With Liverpool still waiting for the FA to reveal the reasoning behind the Luis Suarez ban, Brendan Rodgers continued to insist the punishment is too severe and maintained that the club will stand by their man.

Clive Brunskill

With Liverpool still waiting on the FA's written reasoning behind the Luis Suarez ban, any decision as to what comes next remains on hold. Despite that, and in a move that will surely lead to howls of derision in some quarters, Rodgers chose to go ahead and address the issue at his press conference ahead of Saturday's match against Newcastle rather than simply issuing a "no comment."

When asked about his troubled star striker and the ten match ban he now faces, Rodgers continued to praise the player's drive and mentality, despite it at times leading to incidents such as Sunday's regrettable moment of madness. He also revealed that Suarez has been unable to answer when asked what had led him to bite Branislav Ivanovic—it had been an entirely impulsive act.
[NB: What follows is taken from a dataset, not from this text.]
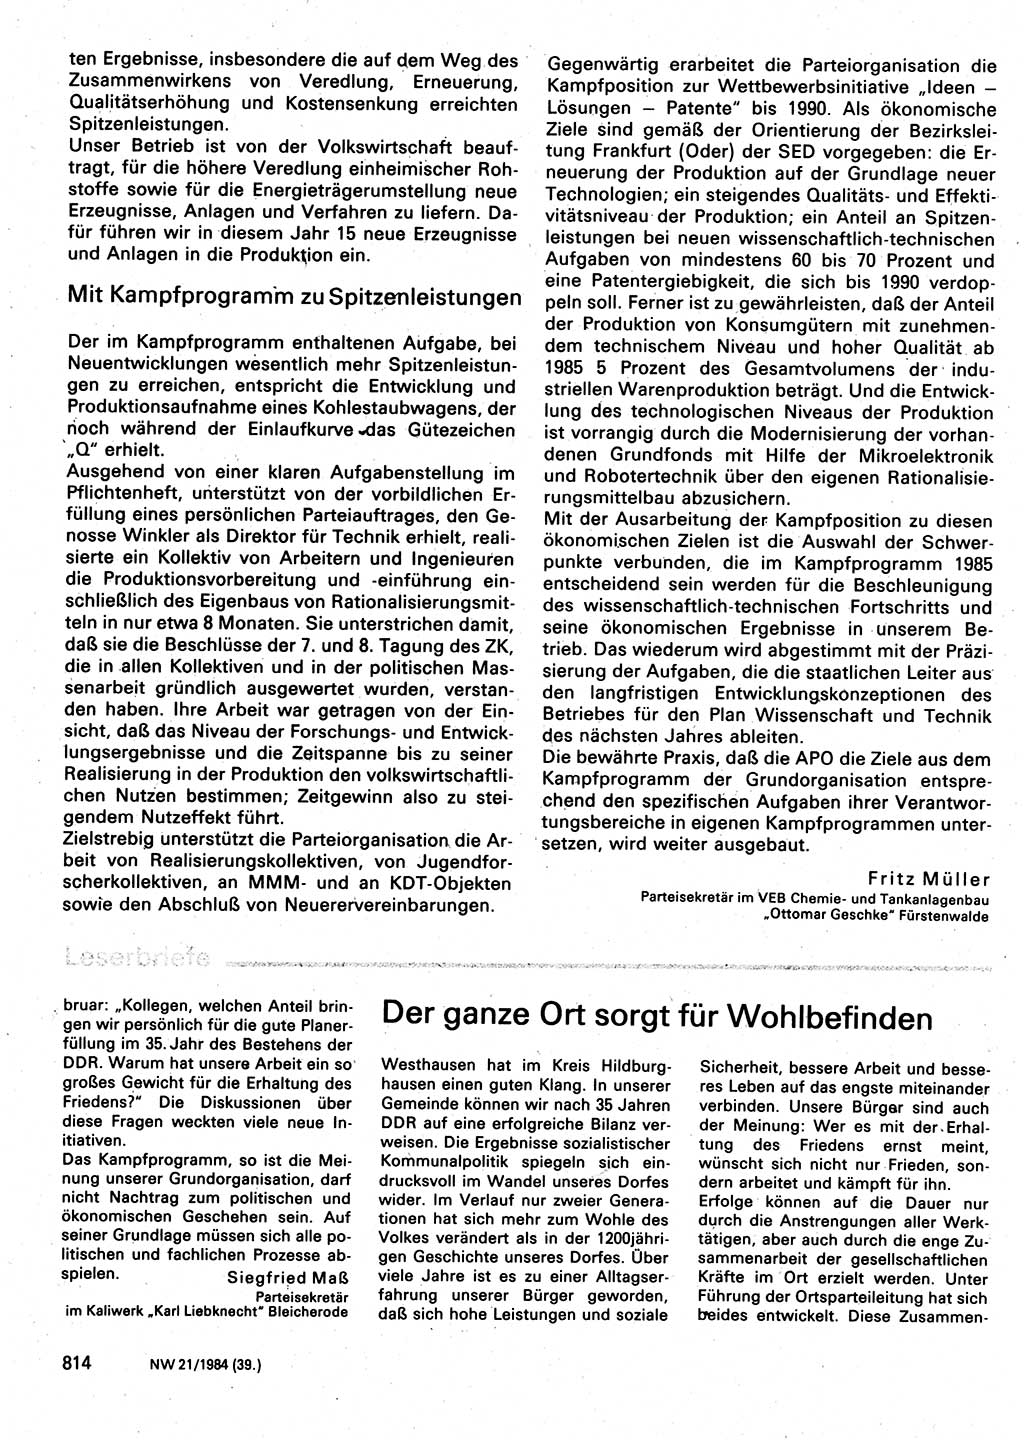 Neuer Weg (NW), Organ des Zentralkomitees (ZK) der SED (Sozialistische Einheitspartei Deutschlands) für Fragen des Parteilebens, 39. Jahrgang [Deutsche Demokratische Republik (DDR)] 1984, Seite 814 (NW ZK SED DDR 1984, S. 814)

"We were very shocked and bitterly disappointed," said the Liverpool manager, adding that his and the player's upset was not caused by the ban itself, as "no one could've complained if it'd been a six game ban," but rather by the severity of it. He further insisted that he believed the severity of the punishment had more to do with the player involved in the incident than it did with the incident itself.

And when it came to the incident itself, Rodgers revealed that at the hearing the club did not seek to compare the bite to past violent acts such as the recent horror-tackle by Wigan's Callium McManaman that could conceivably have ended Newcastle left back Massadio Haidara's career.
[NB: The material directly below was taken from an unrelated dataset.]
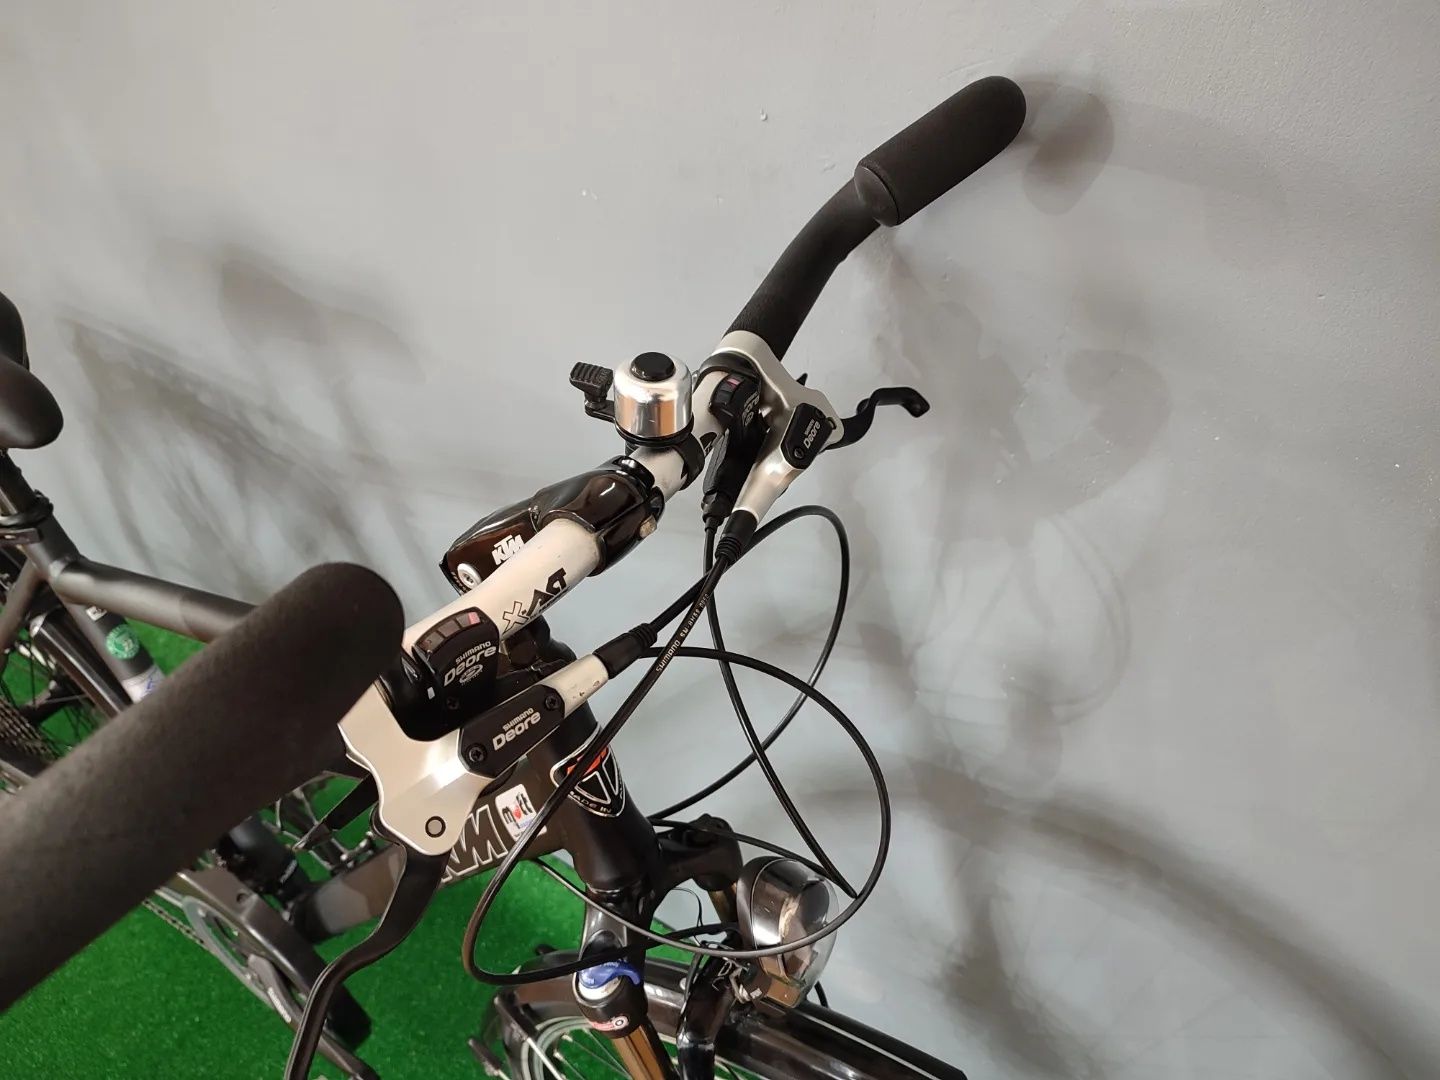 Стан нового • Міський, чоловічий велосипед KTM • Гідравлічні гальма

Instead, the manager said, they contrasted the incident to Jermain Defoe being picked by FA to represent England immediately after a biting incident that saw him receive only a yellow for his attempts to gnaw on Javier Mascherano's shoulder in a case the FA chose not to revisit as the referee had seen it at the time.

"If we had half a dozen more players like him this football club would be in a better position," Rodgers added, continuing the theme of standing by their man set by managing director Ian Ayre following the incident. "He won't be thrown in the garbage. I look in his face and I see a genuine guy who is bitterly disappointed. It'll take a bit of time for him to reflect.

"He's still very much part of the Liverpool family and very much part of the future."